Nothing below is to be printed except the lines between the line holding "Pudełko do przechowywania" and the line holding "USBメモリ32GB Type Cメモリ", inclusive, each exactly as it appears.

=== The records ===
┄┄┄┄┄┄┄┄┄┄

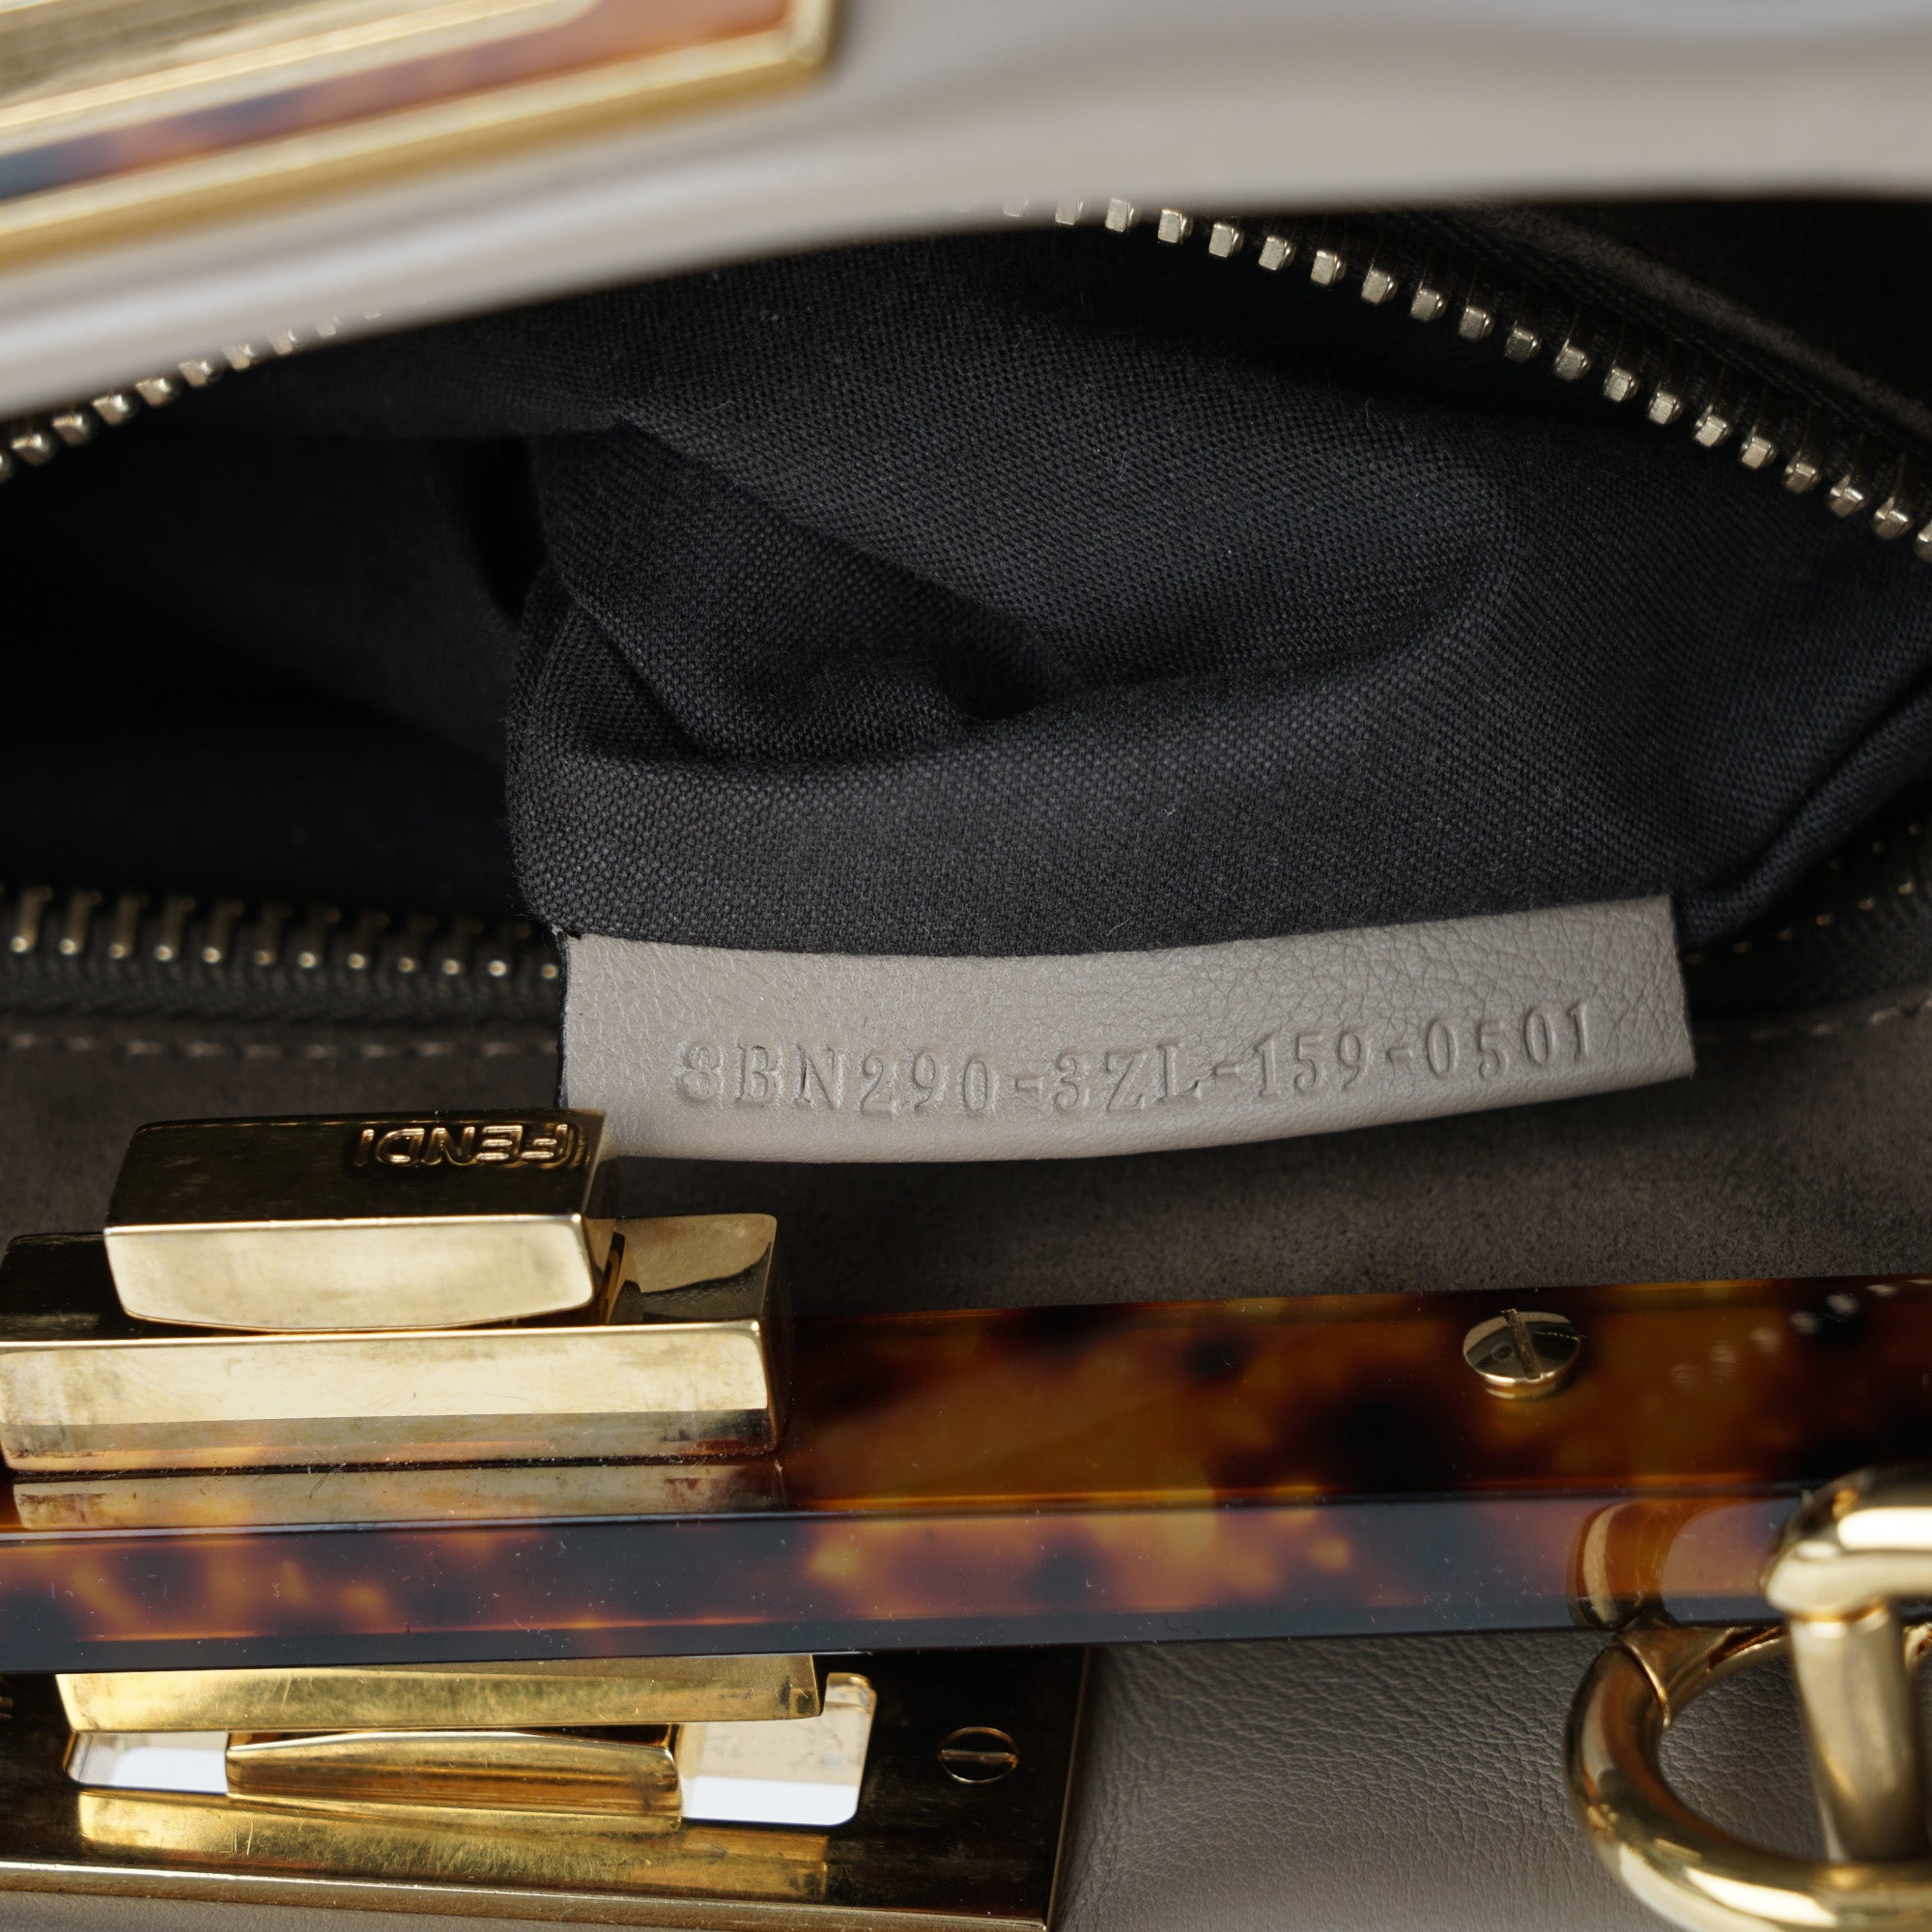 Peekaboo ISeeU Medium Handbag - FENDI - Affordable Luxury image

┄┄┄┄┄┄┄┄┄┄

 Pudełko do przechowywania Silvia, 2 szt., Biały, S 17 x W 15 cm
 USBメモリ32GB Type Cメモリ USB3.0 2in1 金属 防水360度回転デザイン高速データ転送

┄┄┄┄┄┄┄┄┄┄

=== Task solution ===
 Pudełko do przechowywania Silvia, 2 szt., Biały, S 17 x W 15 cm
 USBメモリ32GB Type Cメモリ USB3.0 2in1 金属 防水360度回転デザイン高速データ転送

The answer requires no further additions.